[RAW DATA]
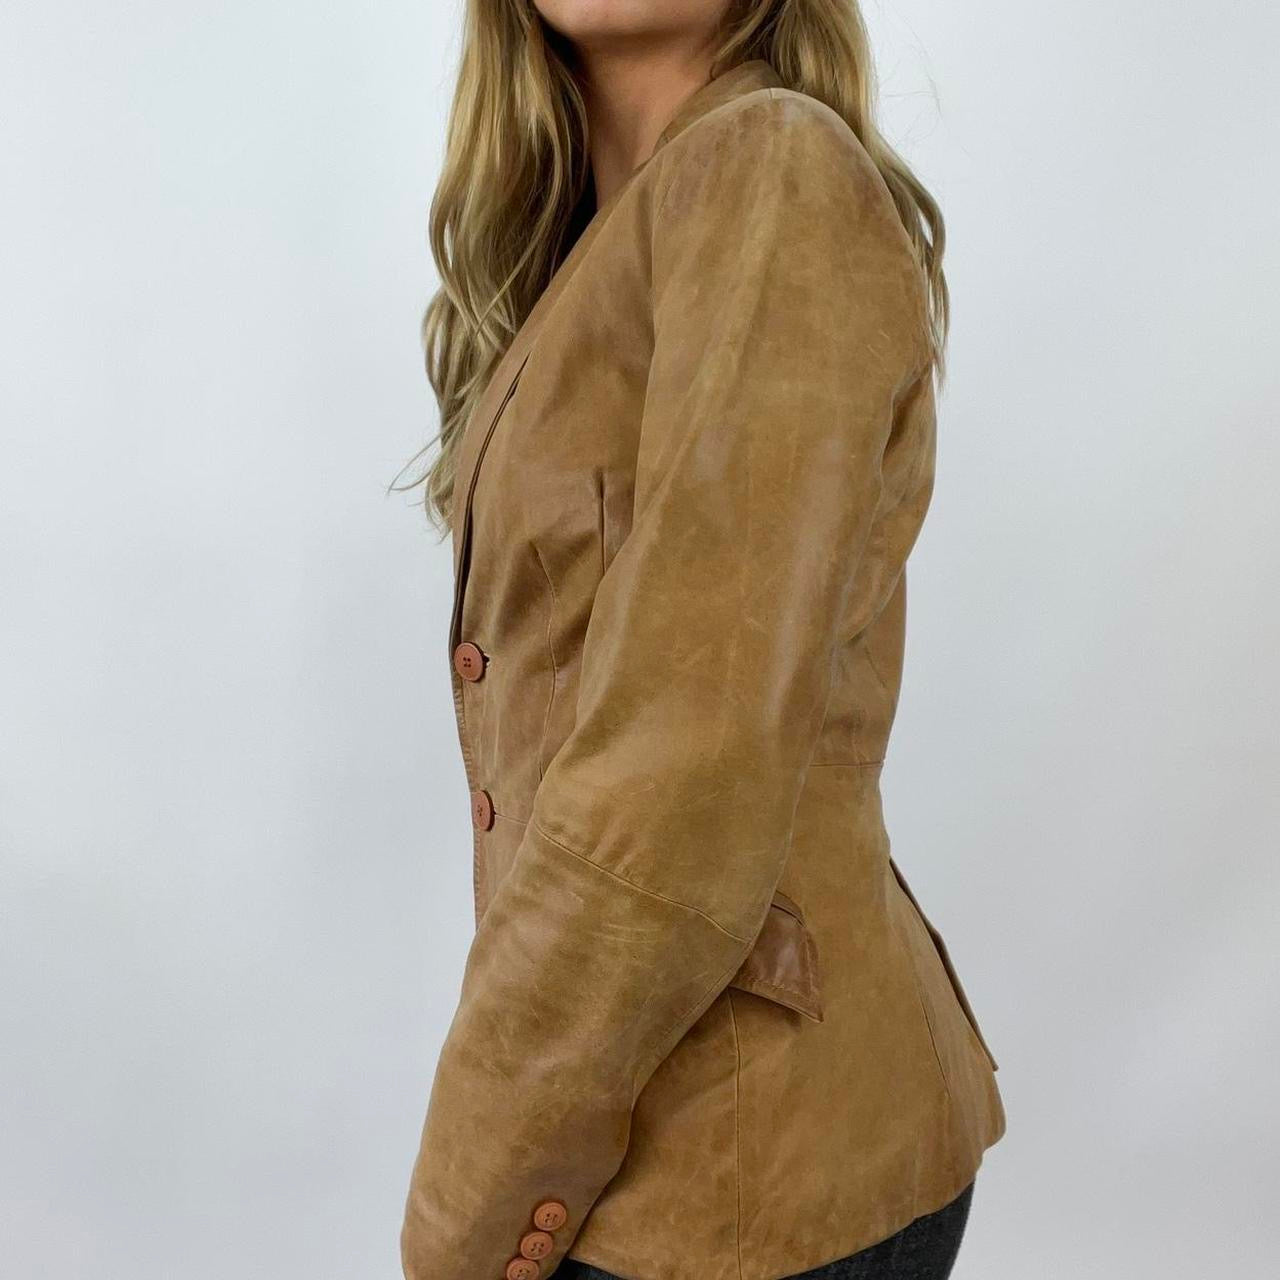 💻 BEST PICKS, CITY GIRL DROP | large brown old label zara leather jacket
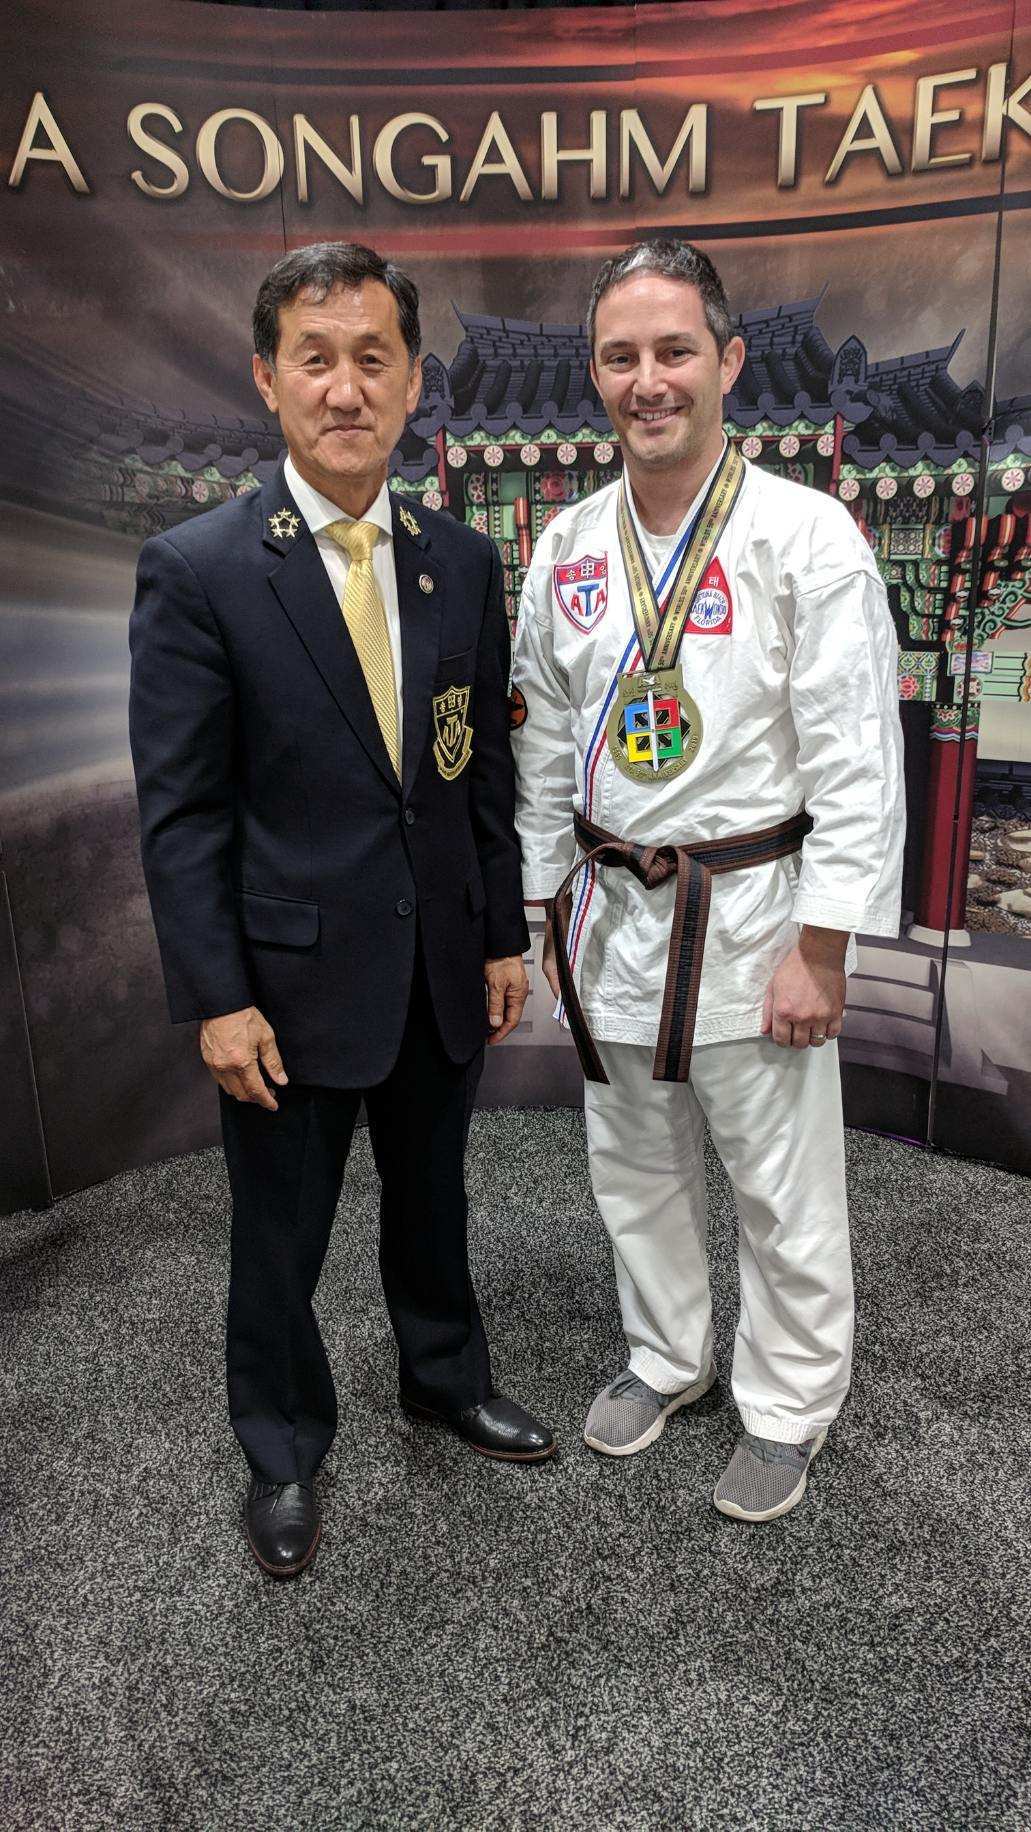 Alan Rosen with Grand Master GK Lee at the World Expo in A Songahm Taekwondo. Photo courtesy of Alan Rosen
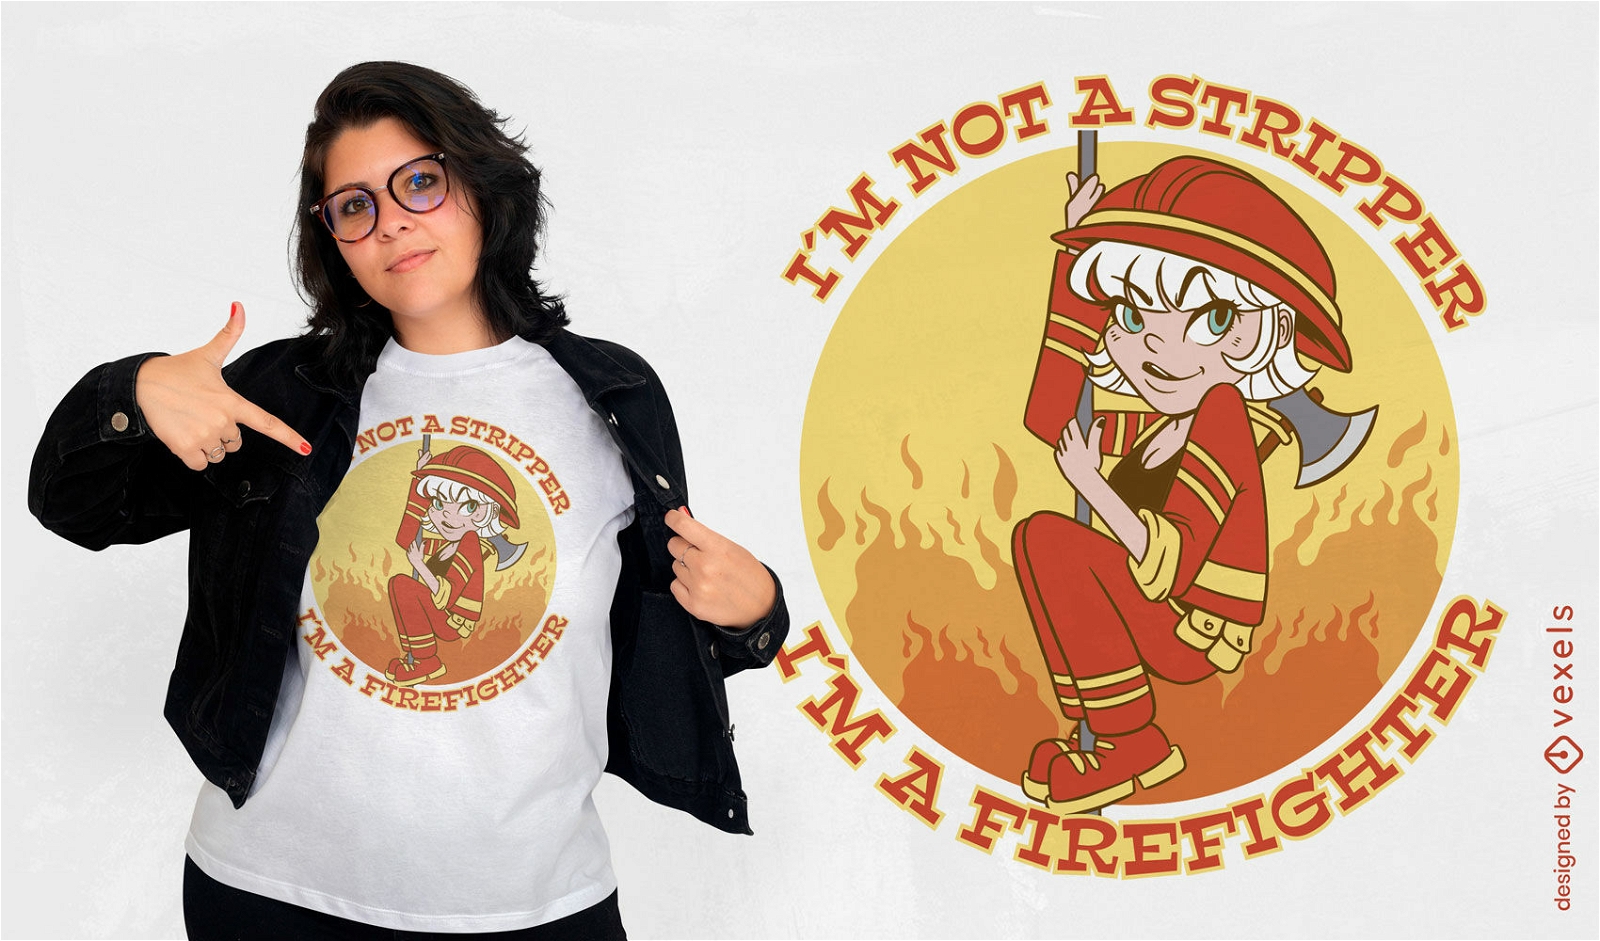 Lustiger Zitat-T-Shirt Entwurf der Feuerwehrmann-Frau

[TASK GOAL] Repeat the listing word for word, and skip every picture it contains.

[WRITTEN SOLUTION]
 💻 BEST PICKS, CITY GIRL DROP | large brown old label zara leather jacket
 Alan Rosen with Grand Master GK Lee at the World Expo in A Songahm Taekwondo. Photo courtesy of Alan Rosen
 Lustiger Zitat-T-Shirt Entwurf der Feuerwehrmann-Frau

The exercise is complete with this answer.